Facts have rarely dissuaded Trump from things he believes in or disputes, though, including items like climate change and whether captured undocumented immigrants have the right to court hearings before they are summarily dumped back into their home countries — or others where languages they may not recognize or understand are spoken.
So it’s also been this year when it comes to firefighting preparation, as the state faces an unusually fire-prone fall season, with more than two years of unusually heavy rain and snowfall contributing to thicker-than-usual underbrush.
If Trump really wants to reduce the risk of gigantic wildfires, as he says he does, right now he would deploy many thousands of U.S. Forest Service workers in the 18 national forests around California, along with further thousands of National Guard troops.

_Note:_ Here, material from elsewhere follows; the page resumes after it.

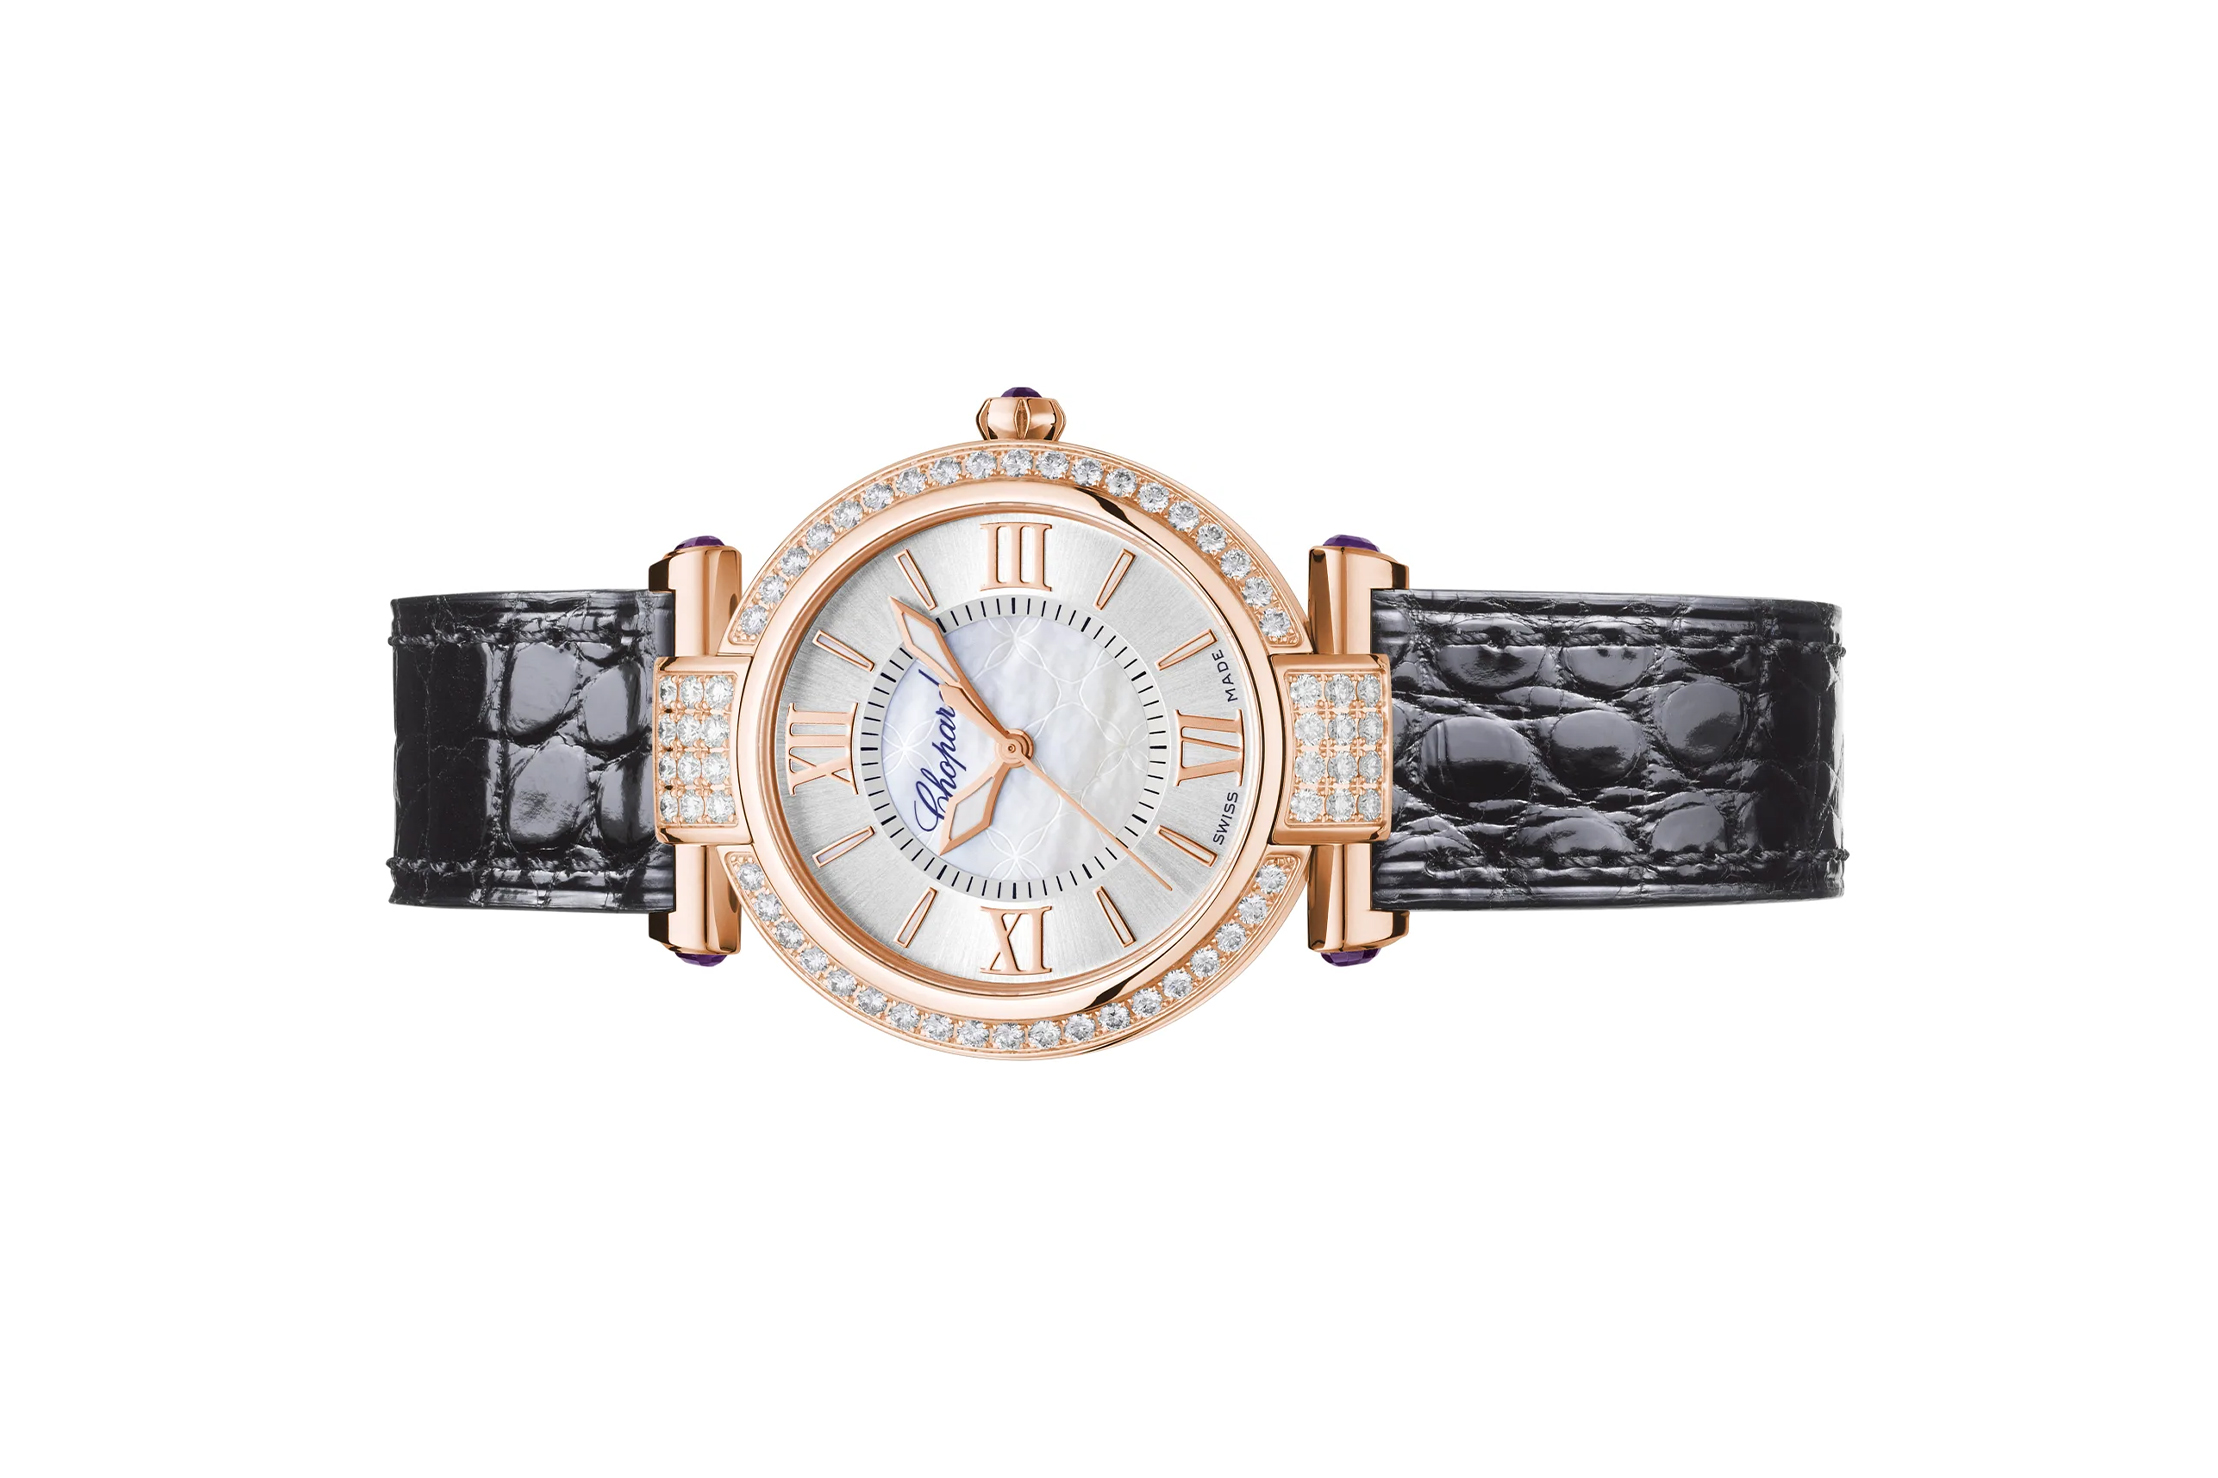 Đồng Hồ Chopard Imperiale 384319-5007

They could reduce a genuine danger if they cut and removed underbrush rather than standing around in front of federal buildings, as they did for weeks after mostly peaceful protests broke out in Los Angeles against U.S. Immigration and Customs Enforcement sweeps aiming at producing record numbers of deportations.
But no, Trump isn’t doing any of that. Instead, he is maintaining cuts designed by the now relatively inactive Department of Government Efficiency, once headed by billionaire political donor Elon Musk. The firings relevant to California wildfires involve thousands of workers from the Forest Service, the National Weather Service, the National Oceanic and Atmospheric Administration and the Federal Emergency Management Agency.
Trump has said these cuts in staff and office closures will help eliminate government waste and save billions of tax dollars. However, those four agencies all play critical parts in California’s wildfire prevention and response efforts, from forecasting and forest management (yes, raking and cutting underbrush is included here) to post-fire disaster relief.
The cuts, coming just when climate change is making California wildfires steadily more severe, put this state at a disadvantage compared with past fire seasons, when blazes grew steadily larger and more destructive even as the now-fired federal employees worked to hold them down.
Aside from forecasters and analysts who help predict where fires will go once they’ve begun, more than 1,400 “red card” Forest Service employees were also cut. These are not full-time firefighters but instead are one who deploy to large firestorms and help with operations. Officials are now trying to call many of them back, but a large proportion have moved on to other jobs.
What’s more, Trump has ordered the Forest Service to change its priorities and emphasize logging, mining and oil and gas drilling on federal lands, rather than making fire resistance its top task. State officials say the change in priorities combined with much lower staffing levels will leave California more vulnerable to big fires than it has been in recent years.
“We are getting back to the basics of managing our national forests for their intended purposes of producing timber, clean water, recreation and other necessities for the American taxpayer,” Forest Service chief (and former lumber executive) Tom Schultz told a reporter.
Meanwhile, Trump’s budget proposal would shift firefighting and prevention to a new agency under the U.S. Interior Department but give it less funding than before. That worries some Western state senators who fear it may spawn the biggest wildfire season in decades later this year.
That may be what California and the West get with a president who dabbles in firefighting, an area where he has almost no expertise, but loves to throw around verbal platitudes.